You are faced with a claim for personal injuries and you make a Part 36 offer with a view to affording costs protection. It transpires that your Part 36 offer is successful and you look to recover your costs. By way of illustration:
- Claim for personal injuries intimated in January 2014.
- Liability admitted March 2014.
- Defendant makes a Part 36 offer of £30,000 in January 2016 following disclosure.
- Claim concludes after a two-day trial: judgment is £27,500.
- Costs order: claimant’s costs up to the expiry of the Part 36 offer, thereafter the defendant’s.
- Claimant’s costs up to expiry of Part 36 offer: £30,000.
- Defendant’s costs post expiry of offer: £50,000.
The equitable remedy of set-off provides the defendant with the ability to secure all or, if not all, a greater extent of the costs incurred in making a Part 36 offer. If set-off does prevail, qualified one-way costs shifting (QOCS) limits costs recovery to that secured in damages giving rise to a shortfall.
What comes first, the chicken or the egg? Well, in the world of QOCS, this is a very important question to any party facing a claim for personal injuries when taking the decision as to whether or not to make a Part 36 offer to engage costs protection. Arguably, if set-off does not take place first, the defendant is likely to recover only a proportion of its expenditure in having to defend a claim that the claimant took to trial, as illustrated above. This appears to be contrary to what any person in the street would perceive as the fair administration of justice.
The concept of set-off of costs is not new and it is permissible under CPR 44.12. It dates back to 1750, as discussed by Derham on the Law of Set-Off, and it is evident within the 1915 decision of Reid v Cooper. Derham contends that set-off per se is an equitable remedy set against the conflicting authorities of Scott LJ confirming that set-off of costs was an equitable remedy within Lockley v National Blood Transfusion Service; whereas more recently Brooke LJ within R (on the application of Burkett) v London Borough of Hammersmith and Fulham, whilst agreeing with the decision of Scott LJ about the discretionary nature of the right of set-off, did not regard it as equitable.
Derham goes on to conclude that the law of set-off was developed by the common law courts long before the Judicature Act and that “the true basis of set off is the court’s inherent jurisdiction”; its purpose is to do what is fair. Surely the consequences should be obvious if a party seeks to protect its position via Part 36 and an opponent adopts a path to test that position.
The courts recognise and acknowledge that one judgment or order for payment of a sum may be set-off against another; however, there appears to be little evidence of this being applied since the onset of QOCS.
QOCS does not prevent the making of an order for a party to pay costs.
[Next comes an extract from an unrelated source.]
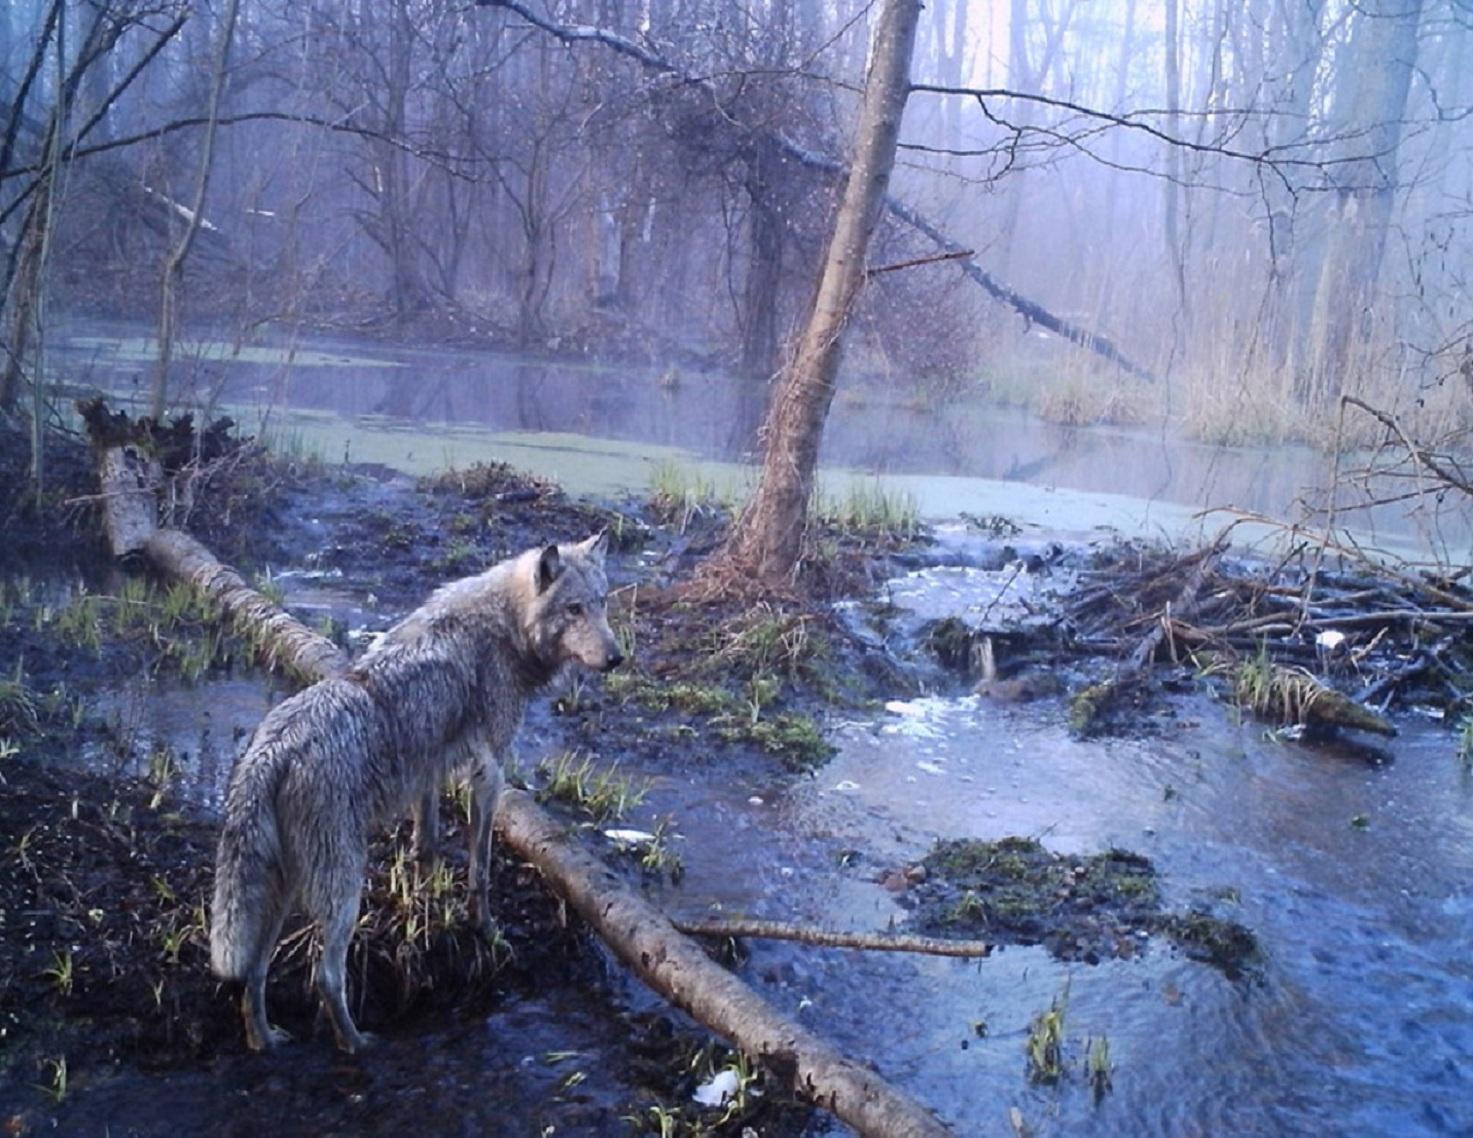 Un ejemplar de lobo euroasiático (Canis lupus lupus) acecha en la zona afectada por la radiación en Chernóbil. Imagen: Sergei Gaschak.

It simply has an impact on the enforcement of those costs, unless specific circumstances such as fundamental dishonesty prevail, which are rare.
Set-off should not be viewed as a way in which to burst the protective bubble of QOCS, simply a preliminary step within the decision-making process as to whether leave should be granted to enforce a costs order.
For this reason, and contrary to the views of many commentators, set-off should not be seen in conflict with QOCS. Rather, to mitigate the expenditure of a successful party and highlight the importance to all parties of sensible early Part 36 offers, it should be viewed as an equitable remedy open to the court to address the imbalance that exists by permitting a party to litigate in a risk free environment. Any defendant, having succeeded in their Part 36 offer, should consider set-off as the first port of call in recuperating expenditure and minimising the impact of QOCS generally.